When Fan Productions Are Better Than the Official Stuff…

This week I tried to find a picture of Pinkie Pie’s hilarious ”Forever!!!” moment. I was writing a document for The Geek Anthropologist editorial team. It was totally relevant.

In the search result I discovered this beauty: a Pinkie Pie stained glass vector by Akili-Amethyst.

Pinkie Pie Stained Glass

Of course, I had to look at her Deviantart profile! It turns out she created a ton more of these stained glasses. I particularly like Princess Luna‘s and Doctor Hooves‘. One of these would look really nice in my geek room office!

Even better, Akili-Amethyst created this absolutely beautiful coin representing Princess Celestia on one side and Princess Luna on the other! How pretty it would look in a nice frame, right next to my desk. It would be a constant inspiration and would remind me to always strive to be the best person I can be! I would have to buy two to see both sides though…

So where can I purchase these? Oh…Well it turns out that I can’t. Because of copyright infringement, Akili had to stop selling on Etsy and her Kickstarter project was shut down. I guess I won’t be able to work on my self-improvement. Oh well.

It makes sense, you might say. Well sure, it does. And yet, not so much.

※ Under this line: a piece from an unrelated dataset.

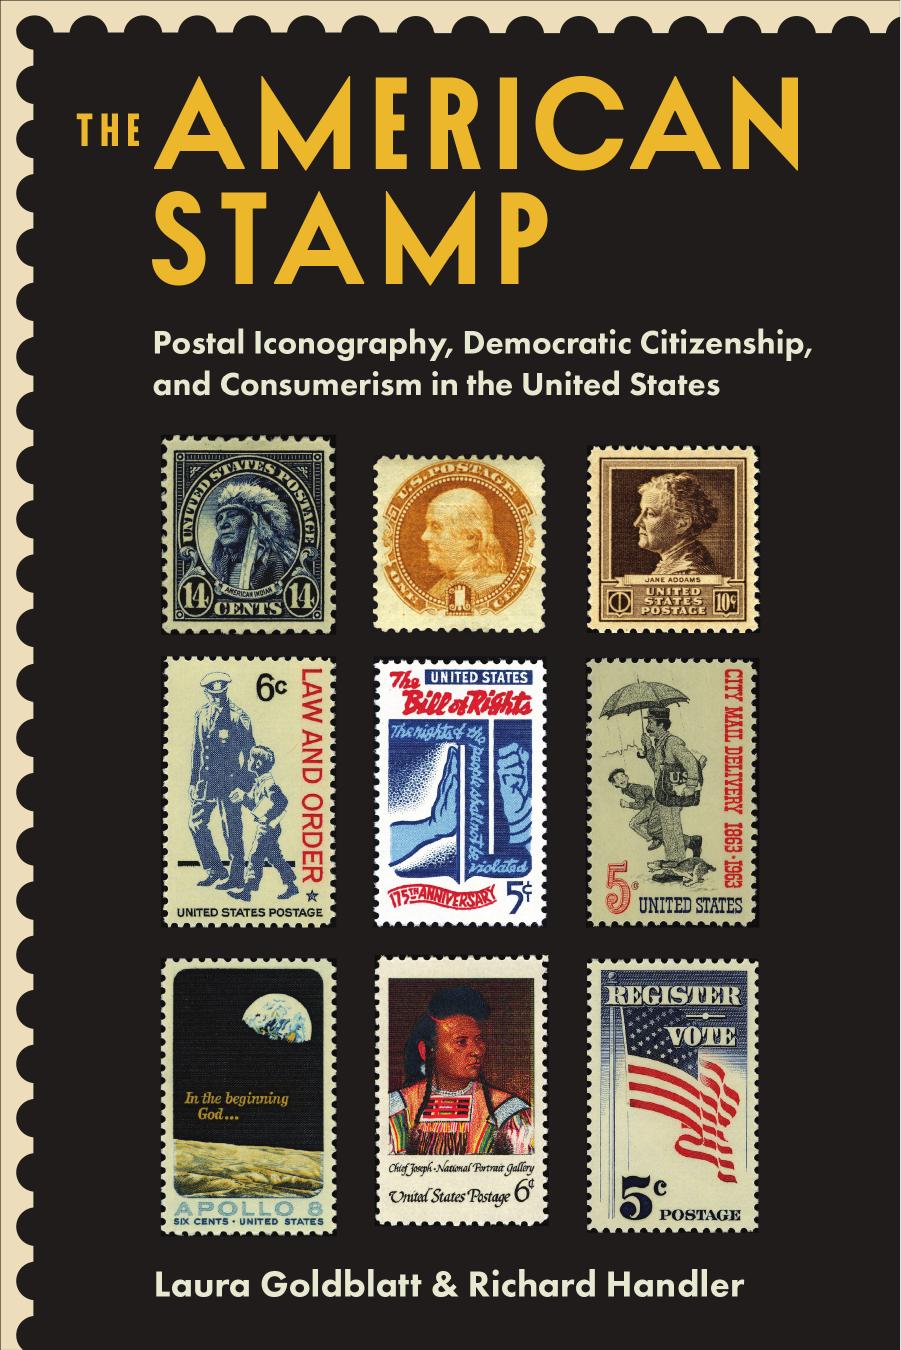 The American Stamp: Postal Iconography, Democratic Citizenship, and Consumerism in the United States by Laura Goldblatt Richard Handler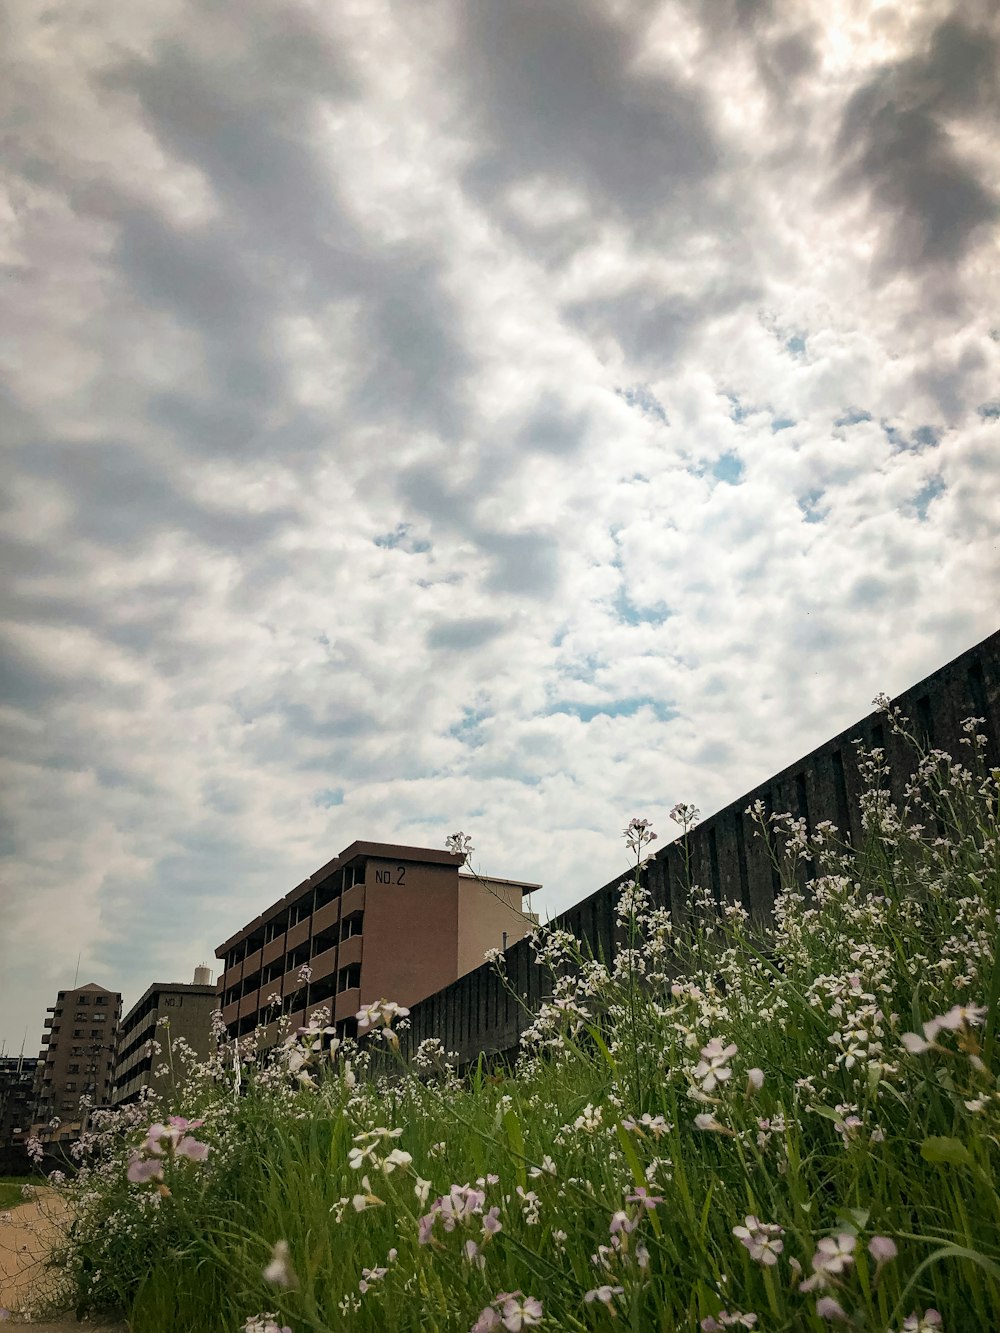 white flowers under cloudy sky during daytime

Hasbro, the owner of the MLP (My Little Pony) franchise, does not produce such coins. In fact they don’t produce anything I am interested in buying. They have yet to create an official MLP FIM (Friendship Is Magic) soundtrack despite the fact that the show features excellent songs. Most of the great products bronies and pegasisters can find online and at conventions are created by smaller companies who purchased rights to create apparel or figurines, and by others who didn’t bother to do so, fans included.

In Bronies: The Extremely Unexpected Adult Fans of My Little Pony, we learn that Hasbro has a  history of shutting down fan initiatives and alienating their fans by doing so, despite Lauren Faust’ recommendation that they regard fan creations not strictly as copyright infringement but rather as an important aspect of fandom. Their attitude needs to improve drastically.

They need to better understand their adult fans, to create products that they are interested in or at least make it easier for others to do so. 

Other businesses understood a long time ago that fan creations aren’t going anywhere and that trying to put a lid on them will only alienate their clients. George Lucas always had a pretty liberal approach to Star Wars parodies, references and fan creations, and he explains why in this interview with Seth MacFarlane, Family Guy creator*.

Blizzard allows Carbot Animations creator Jonathan Burton to run his hilarious and adorable StarCrafts series as well as Diablols and Wowcraft. All three are based on Blizzard games. He accepts donations on his website. He has a Patreon page where fans can support his work financially. You can even find his gear on the official Blizzard store.

Why does Blizzard allow this creator to make a bit of money out of fans creations which can technically be considered as infringing on their copyrights? I suppose it’s because they know StarCraft fans enjoy the series. They probably appreciate the opportunity to air some episodes during their own events, and understand that these will be featured in many StarCraft tournaments. More importantly, Blizzard does not produce such a series, they probably don’t intend to do so in the future, and I’m guessing they themselves enjoy it a great deal. And who wouldn’t: have you seen how cute these zerglings are?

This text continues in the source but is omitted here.